■ **ACTIVITY**
Retype the data below exactly; skip every image.

■ **DATASET EXTRACT**
/---

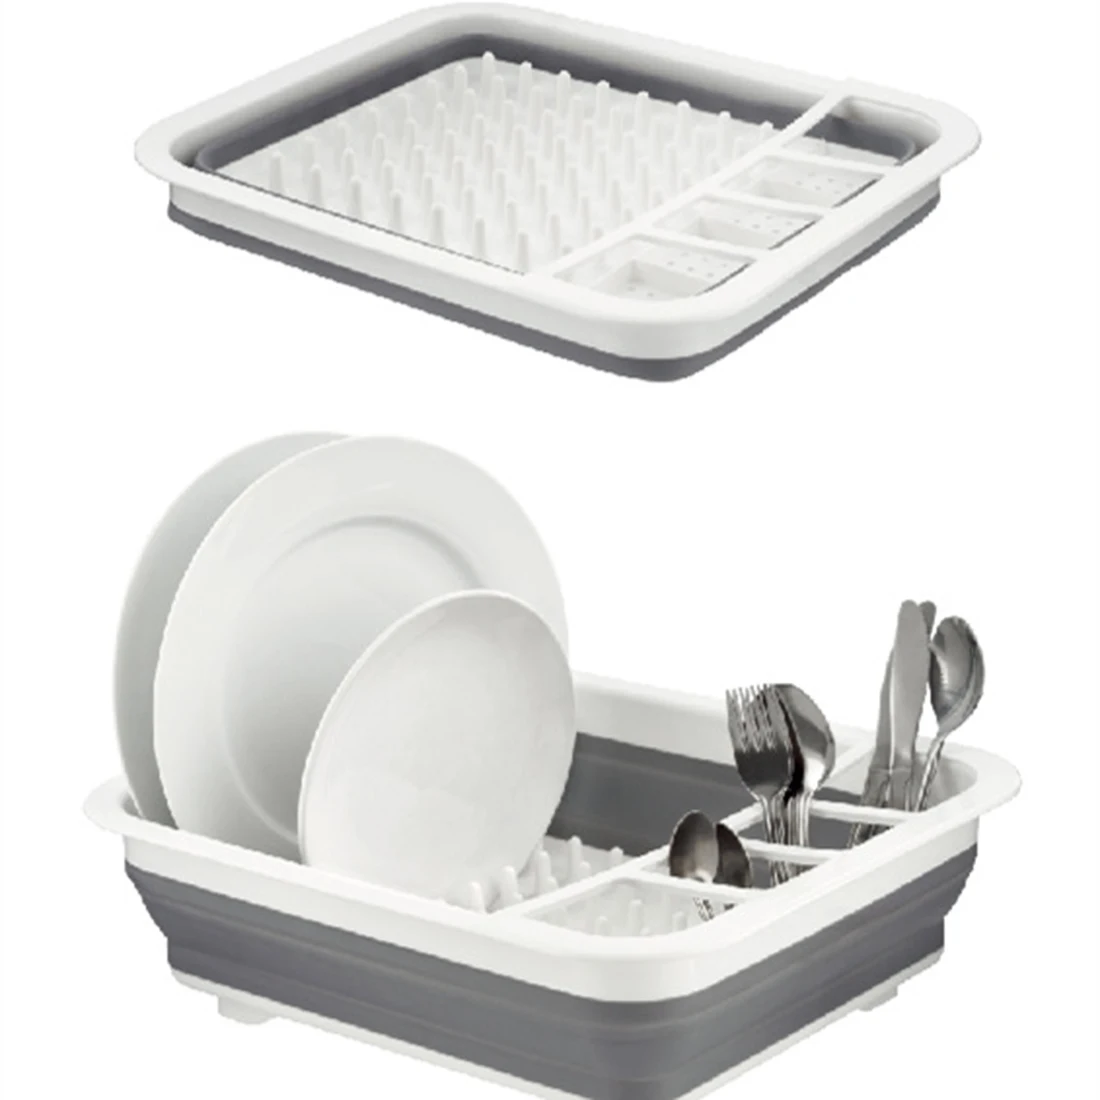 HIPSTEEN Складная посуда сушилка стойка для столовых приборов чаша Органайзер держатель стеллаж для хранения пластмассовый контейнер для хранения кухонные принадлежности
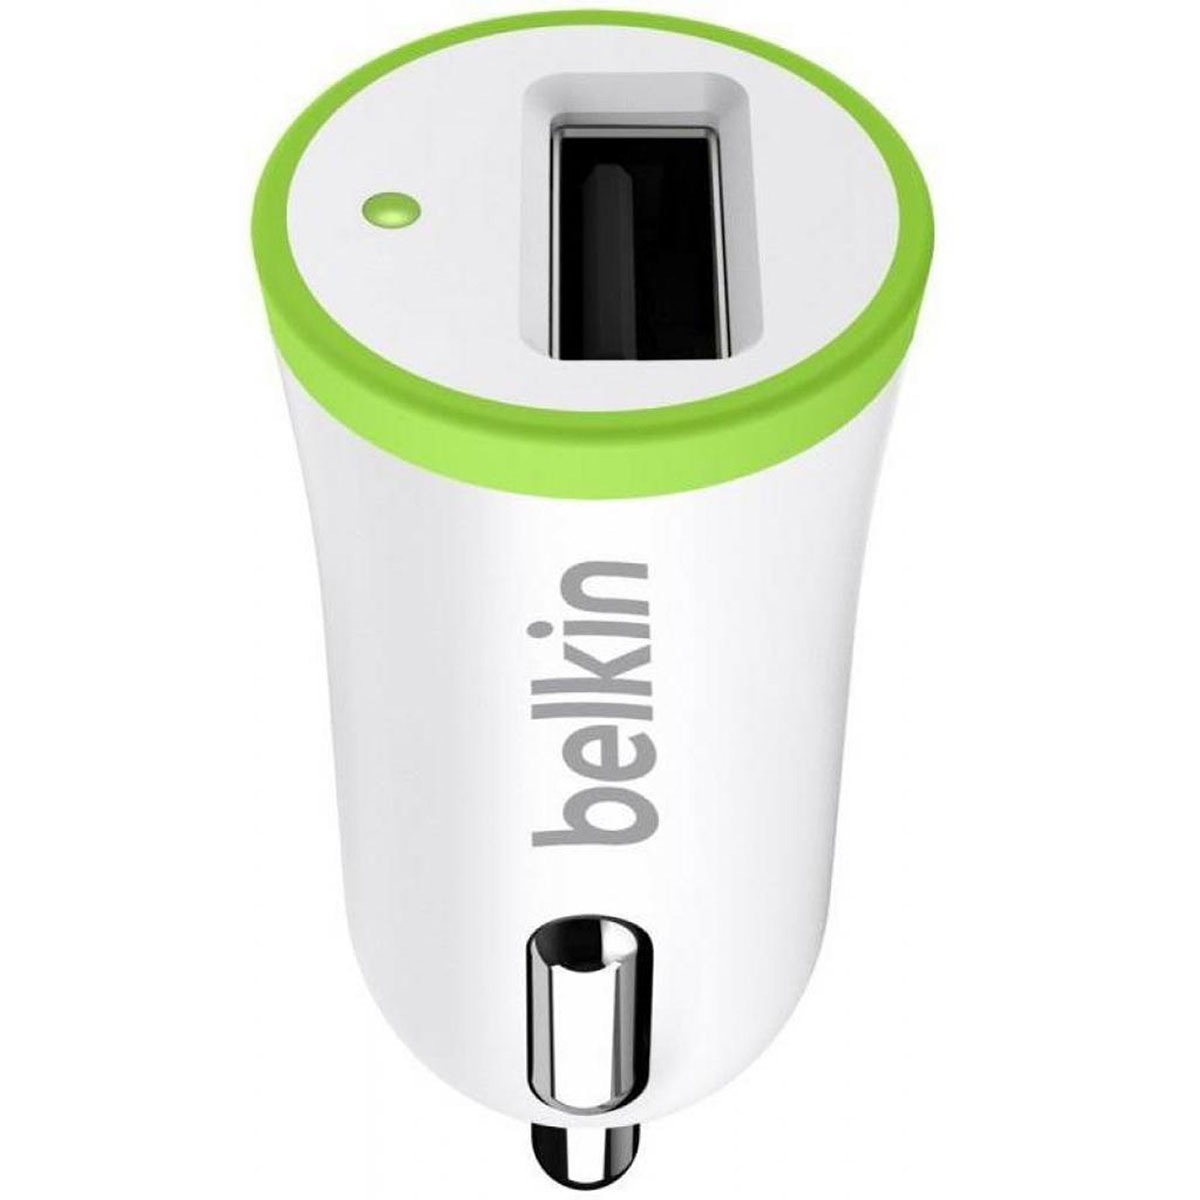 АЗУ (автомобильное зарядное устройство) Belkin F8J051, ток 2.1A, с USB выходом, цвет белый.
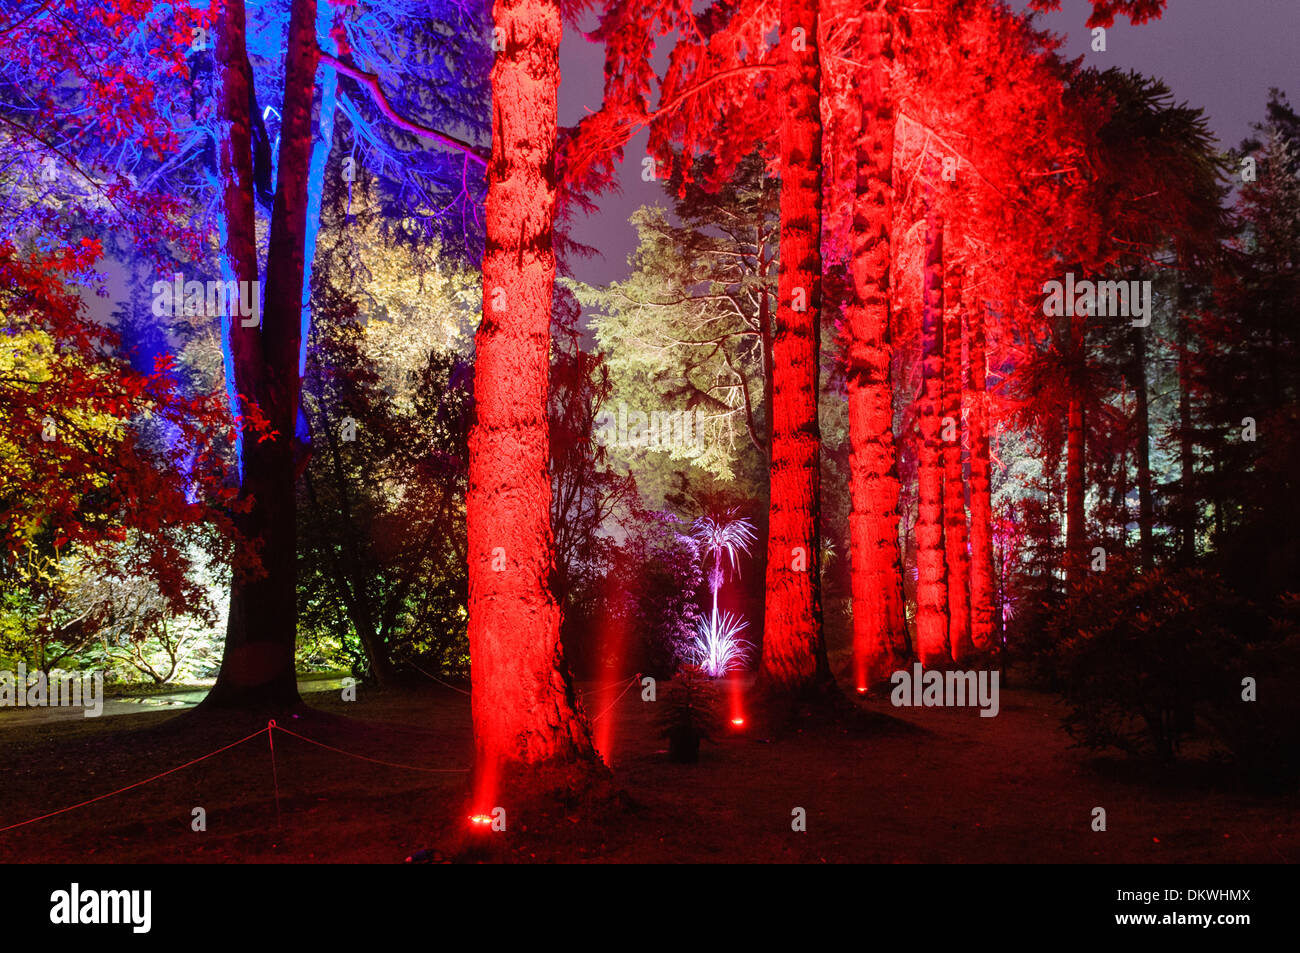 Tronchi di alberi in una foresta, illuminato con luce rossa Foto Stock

\---

■ **SOLUTION FOR THIS PROBLEM**
 HIPSTEEN Складная посуда сушилка стойка для столовых приборов чаша Органайзер держатель стеллаж для хранения пластмассовый контейнер для хранения кухонные принадлежности
 АЗУ (автомобильное зарядное устройство) Belkin F8J051, ток 2.1A, с USB выходом, цвет белый.
 Tronchi di alberi in una foresta, illuminato con luce rossa Foto Stock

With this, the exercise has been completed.